Task instructions: Restate the listing below exactly, images excluded.

Records shown:
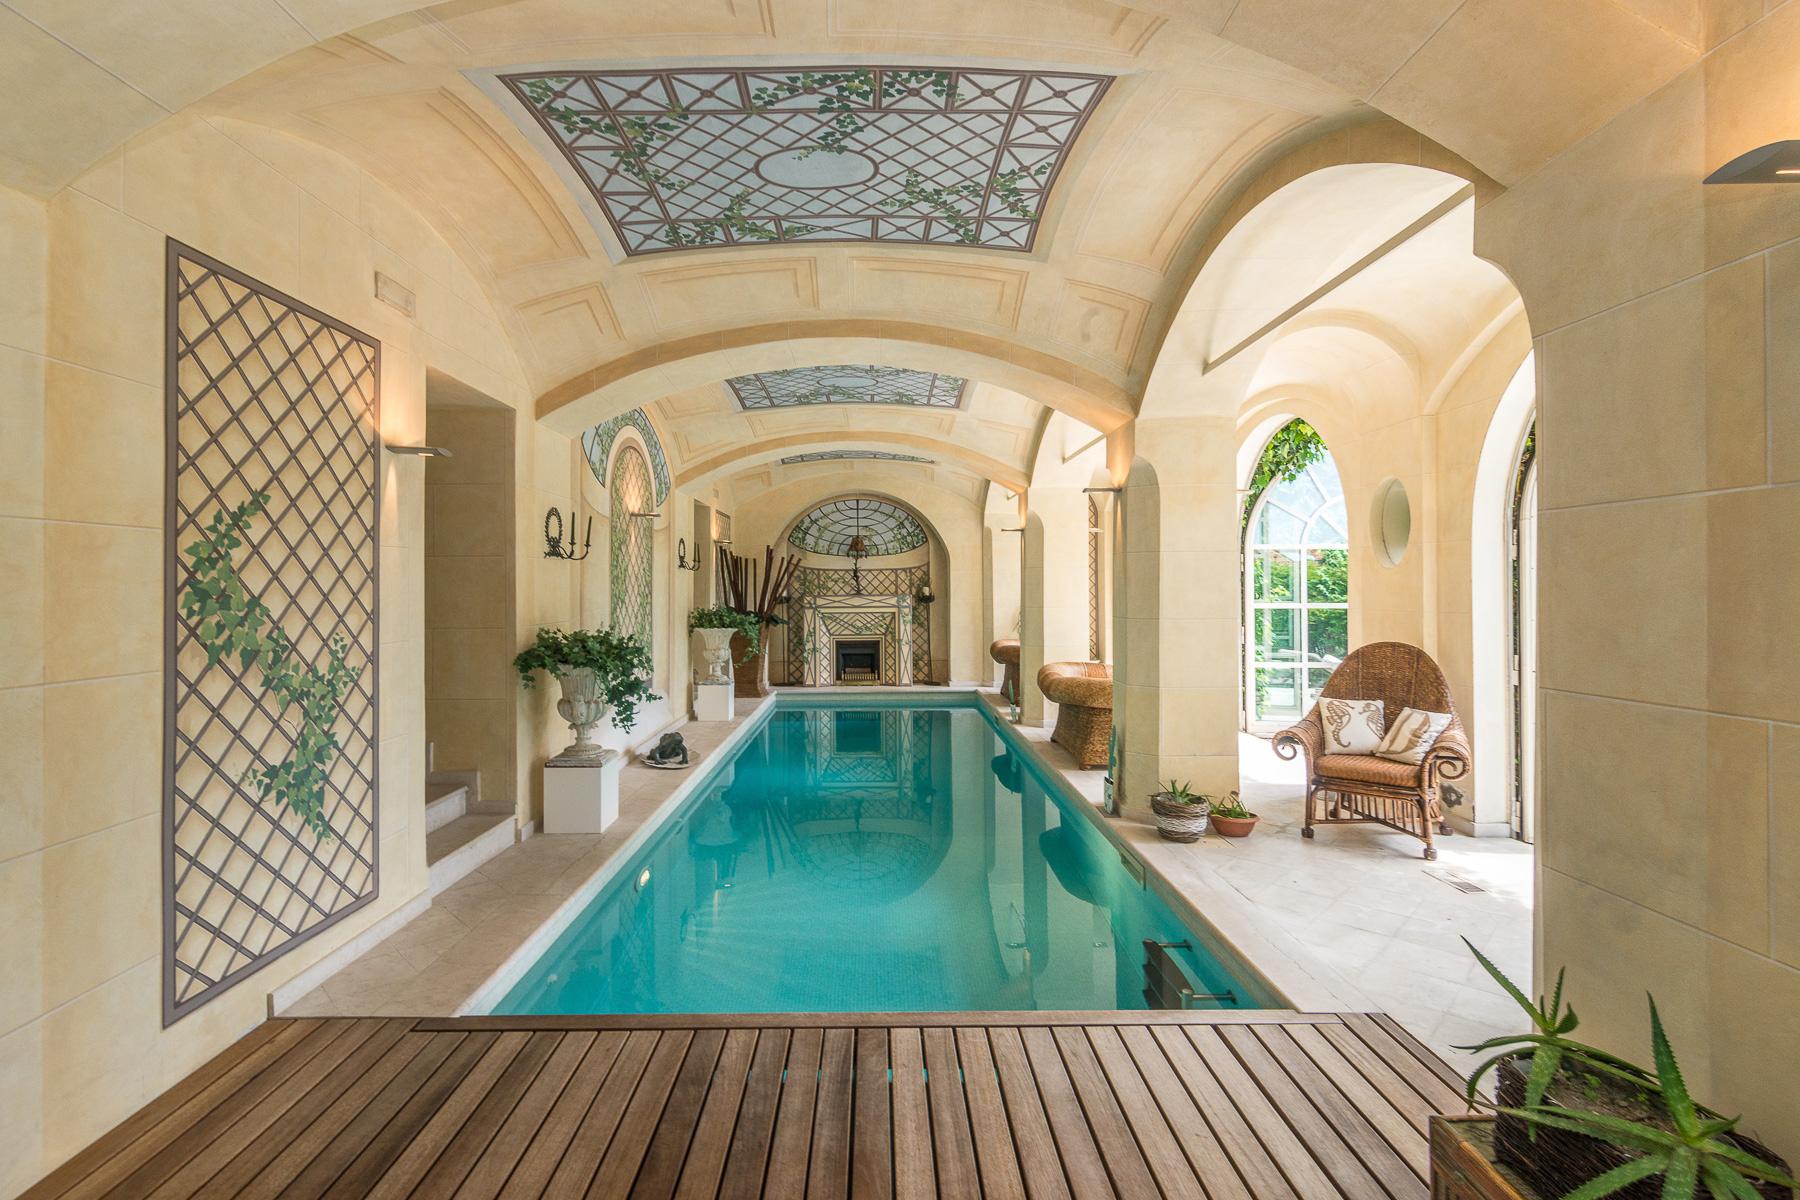 Villa in Vendita a Varese: 5 locali, 1150 mq - Foto 21
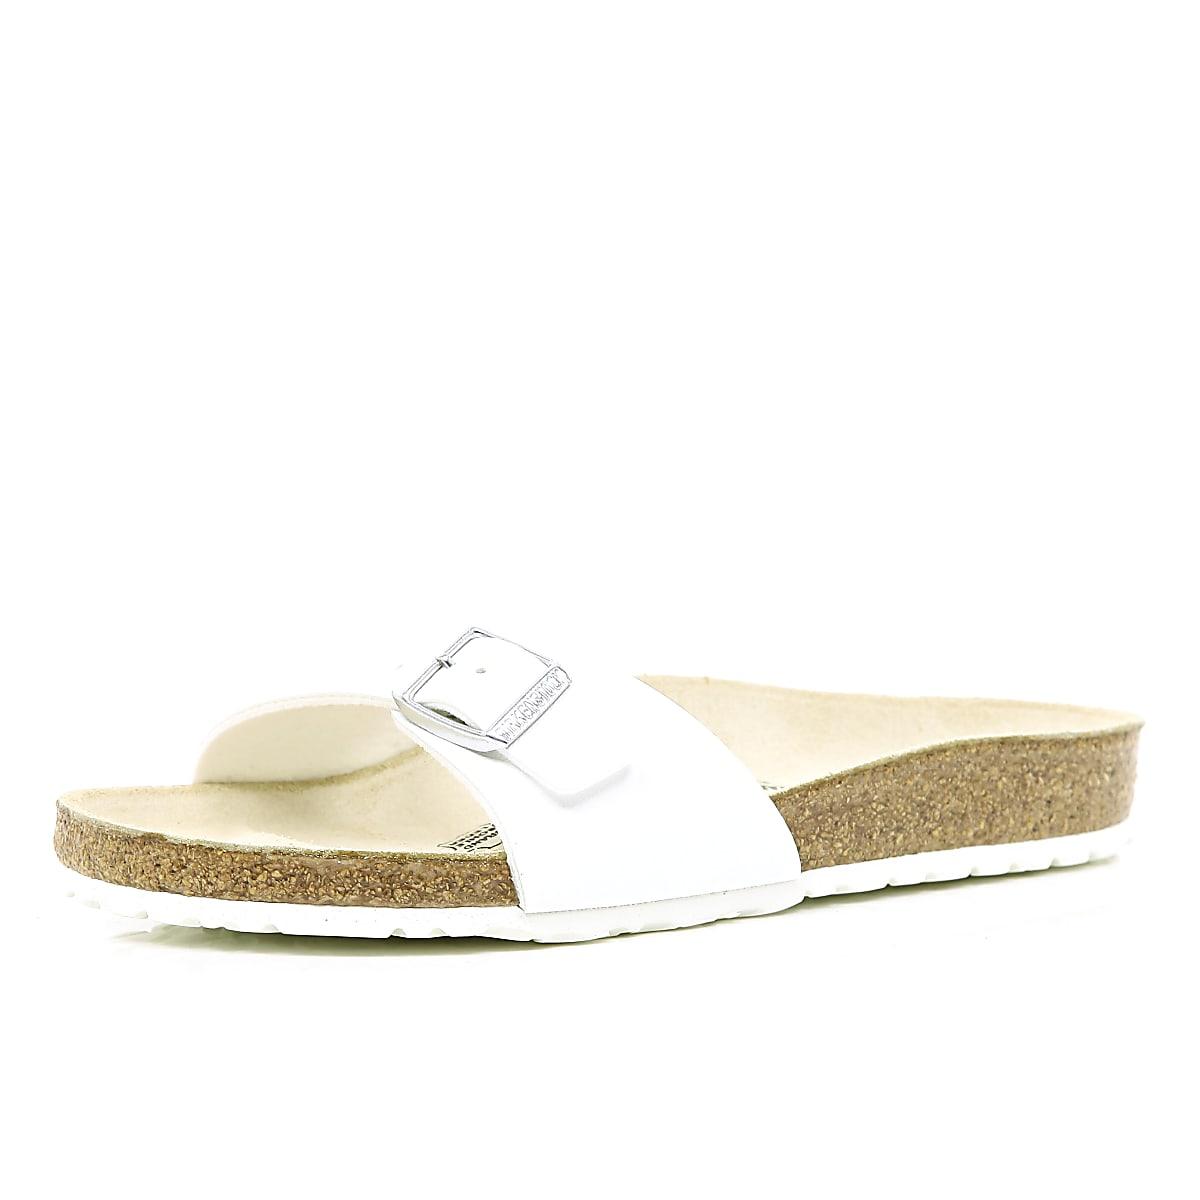 White Birkenstock single strap mule sandals
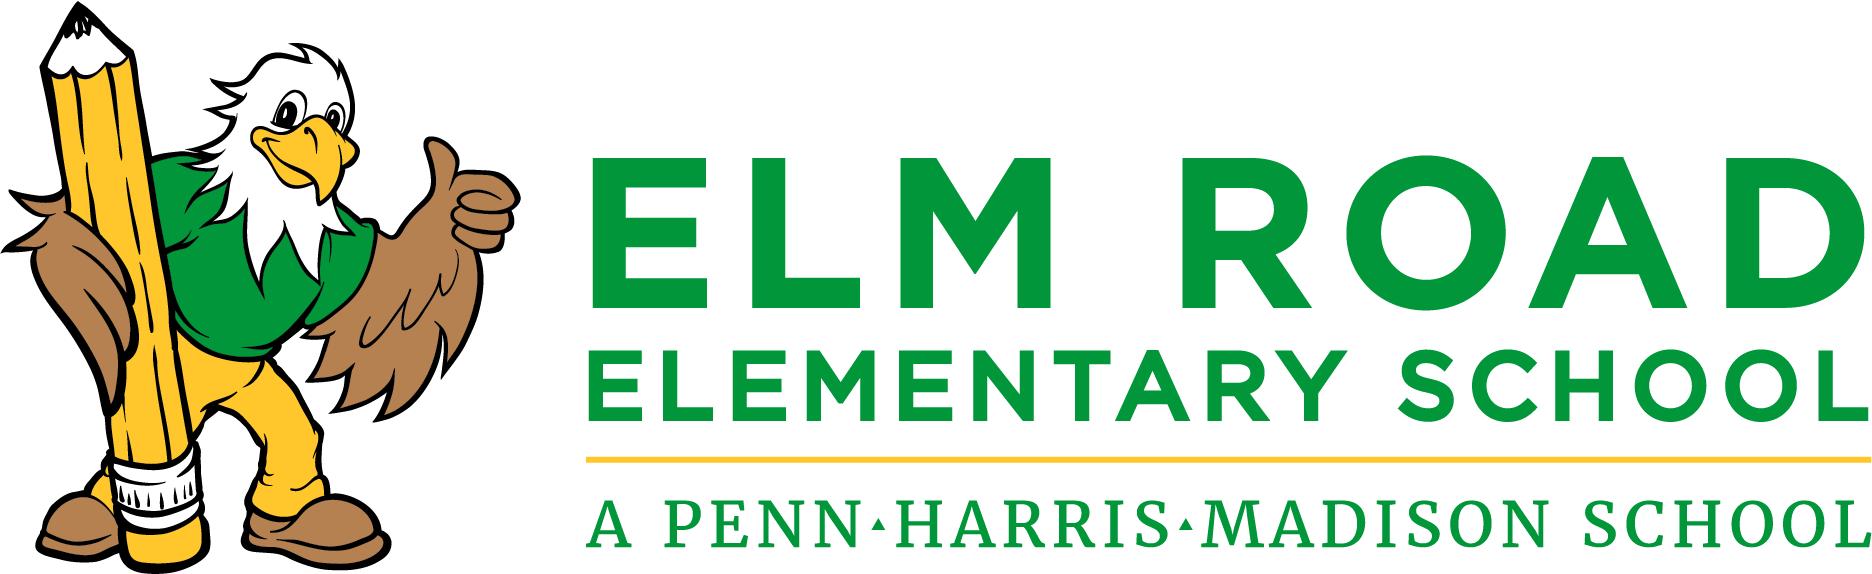 Elm Road Elementary School
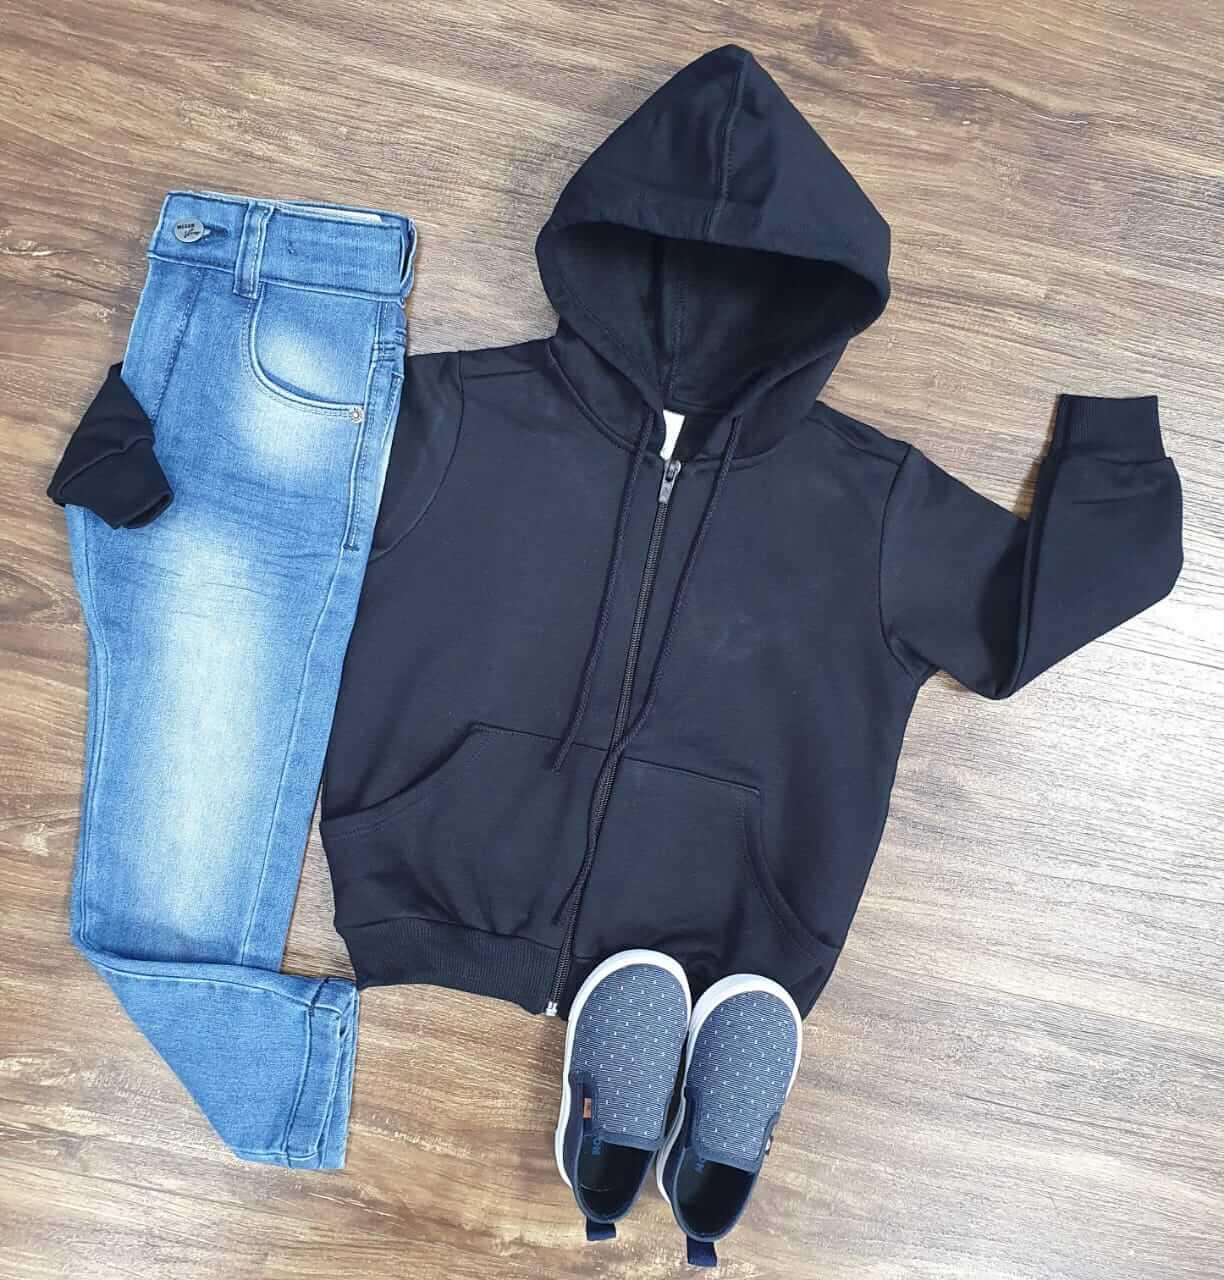 Calça Jeans com Jaqueta Preta Infantil
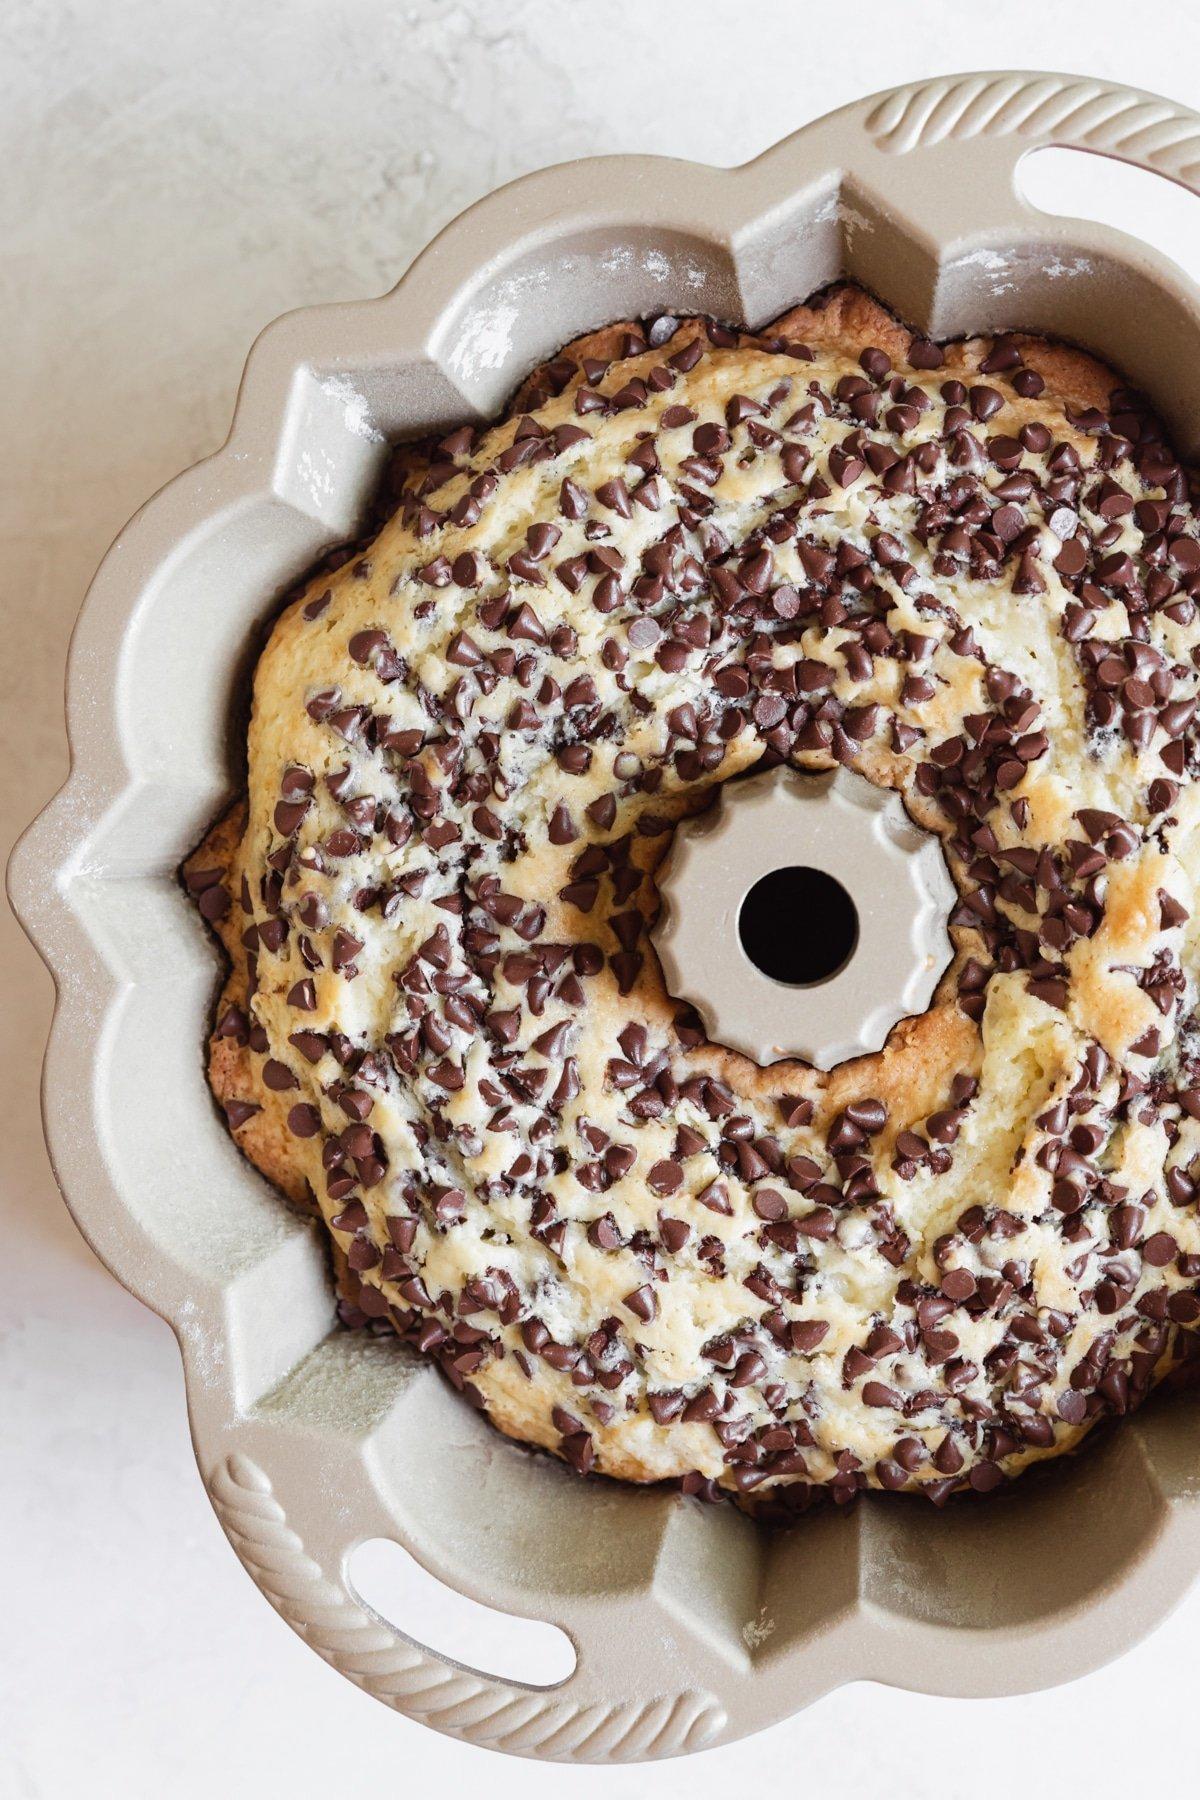 chocolate chip bundt cake in a bundt pan

Answer box:
 Villa in Vendita a Varese: 5 locali, 1150 mq - Foto 21
 White Birkenstock single strap mule sandals
 Elm Road Elementary School
 Calça Jeans com Jaqueta Preta Infantil
 chocolate chip bundt cake in a bundt pan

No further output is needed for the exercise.